> **What is being asked**:
Without omitting anything, copy every entry word for word.

(Records contained in a dataset)

----------

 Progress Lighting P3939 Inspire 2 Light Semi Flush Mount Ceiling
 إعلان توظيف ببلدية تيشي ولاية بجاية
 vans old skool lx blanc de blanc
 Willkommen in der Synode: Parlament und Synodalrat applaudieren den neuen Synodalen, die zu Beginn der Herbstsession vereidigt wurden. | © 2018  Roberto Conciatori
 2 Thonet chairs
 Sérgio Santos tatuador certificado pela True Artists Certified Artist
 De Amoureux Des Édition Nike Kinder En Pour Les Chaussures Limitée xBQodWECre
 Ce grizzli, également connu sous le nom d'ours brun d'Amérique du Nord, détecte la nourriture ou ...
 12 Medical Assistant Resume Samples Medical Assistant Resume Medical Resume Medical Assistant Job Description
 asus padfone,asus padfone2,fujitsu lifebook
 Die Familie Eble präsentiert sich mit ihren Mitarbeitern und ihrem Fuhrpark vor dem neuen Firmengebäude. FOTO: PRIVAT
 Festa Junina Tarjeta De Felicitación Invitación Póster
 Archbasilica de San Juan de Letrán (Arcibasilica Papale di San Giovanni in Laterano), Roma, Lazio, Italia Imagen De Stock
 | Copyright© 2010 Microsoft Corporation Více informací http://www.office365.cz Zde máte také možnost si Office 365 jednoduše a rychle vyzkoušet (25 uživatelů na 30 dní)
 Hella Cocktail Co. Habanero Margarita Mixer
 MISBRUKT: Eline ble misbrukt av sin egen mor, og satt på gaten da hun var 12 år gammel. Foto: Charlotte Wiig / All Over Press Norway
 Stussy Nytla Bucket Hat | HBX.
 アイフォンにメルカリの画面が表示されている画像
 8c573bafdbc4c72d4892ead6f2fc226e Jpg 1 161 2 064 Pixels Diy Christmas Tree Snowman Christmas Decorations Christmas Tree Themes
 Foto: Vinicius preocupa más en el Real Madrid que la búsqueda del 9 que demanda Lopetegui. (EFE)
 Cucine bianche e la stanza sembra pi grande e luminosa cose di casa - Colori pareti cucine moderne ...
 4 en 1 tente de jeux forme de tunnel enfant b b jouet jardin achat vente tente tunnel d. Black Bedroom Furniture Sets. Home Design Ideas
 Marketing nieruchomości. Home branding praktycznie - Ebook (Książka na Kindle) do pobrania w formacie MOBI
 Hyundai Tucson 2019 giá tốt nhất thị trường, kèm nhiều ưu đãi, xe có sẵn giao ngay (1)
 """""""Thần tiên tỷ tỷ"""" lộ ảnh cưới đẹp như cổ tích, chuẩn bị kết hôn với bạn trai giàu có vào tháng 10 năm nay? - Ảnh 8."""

----------

> **Result of the exercise**:
 Progress Lighting P3939 Inspire 2 Light Semi Flush Mount Ceiling
 إعلان توظيف ببلدية تيشي ولاية بجاية
 vans old skool lx blanc de blanc
 Willkommen in der Synode: Parlament und Synodalrat applaudieren den neuen Synodalen, die zu Beginn der Herbstsession vereidigt wurden. | © 2018  Roberto Conciatori
 2 Thonet chairs
 Sérgio Santos tatuador certificado pela True Artists Certified Artist
 De Amoureux Des Édition Nike Kinder En Pour Les Chaussures Limitée xBQodWECre
 Ce grizzli, également connu sous le nom d'ours brun d'Amérique du Nord, détecte la nourriture ou ...
 12 Medical Assistant Resume Samples Medical Assistant Resume Medical Resume Medical Assistant Job Description
 asus padfone,asus padfone2,fujitsu lifebook
 Die Familie Eble präsentiert sich mit ihren Mitarbeitern und ihrem Fuhrpark vor dem neuen Firmengebäude. FOTO: PRIVAT
 Festa Junina Tarjeta De Felicitación Invitación Póster
 Archbasilica de San Juan de Letrán (Arcibasilica Papale di San Giovanni in Laterano), Roma, Lazio, Italia Imagen De Stock
 | Copyright© 2010 Microsoft Corporation Více informací http://www.office365.cz Zde máte také možnost si Office 365 jednoduše a rychle vyzkoušet (25 uživatelů na 30 dní)
 Hella Cocktail Co. Habanero Margarita Mixer
 MISBRUKT: Eline ble misbrukt av sin egen mor, og satt på gaten da hun var 12 år gammel. Foto: Charlotte Wiig / All Over Press Norway
 Stussy Nytla Bucket Hat | HBX.
 アイフォンにメルカリの画面が表示されている画像
 8c573bafdbc4c72d4892ead6f2fc226e Jpg 1 161 2 064 Pixels Diy Christmas Tree Snowman Christmas Decorations Christmas Tree Themes
 Foto: Vinicius preocupa más en el Real Madrid que la búsqueda del 9 que demanda Lopetegui. (EFE)
 Cucine bianche e la stanza sembra pi grande e luminosa cose di casa - Colori pareti cucine moderne ...
 4 en 1 tente de jeux forme de tunnel enfant b b jouet jardin achat vente tente tunnel d. Black Bedroom Furniture Sets. Home Design Ideas
 Marketing nieruchomości. Home branding praktycznie - Ebook (Książka na Kindle) do pobrania w formacie MOBI
 Hyundai Tucson 2019 giá tốt nhất thị trường, kèm nhiều ưu đãi, xe có sẵn giao ngay (1)
 """""""Thần tiên tỷ tỷ"""" lộ ảnh cưới đẹp như cổ tích, chuẩn bị kết hôn với bạn trai giàu có vào tháng 10 năm nay? - Ảnh 8."""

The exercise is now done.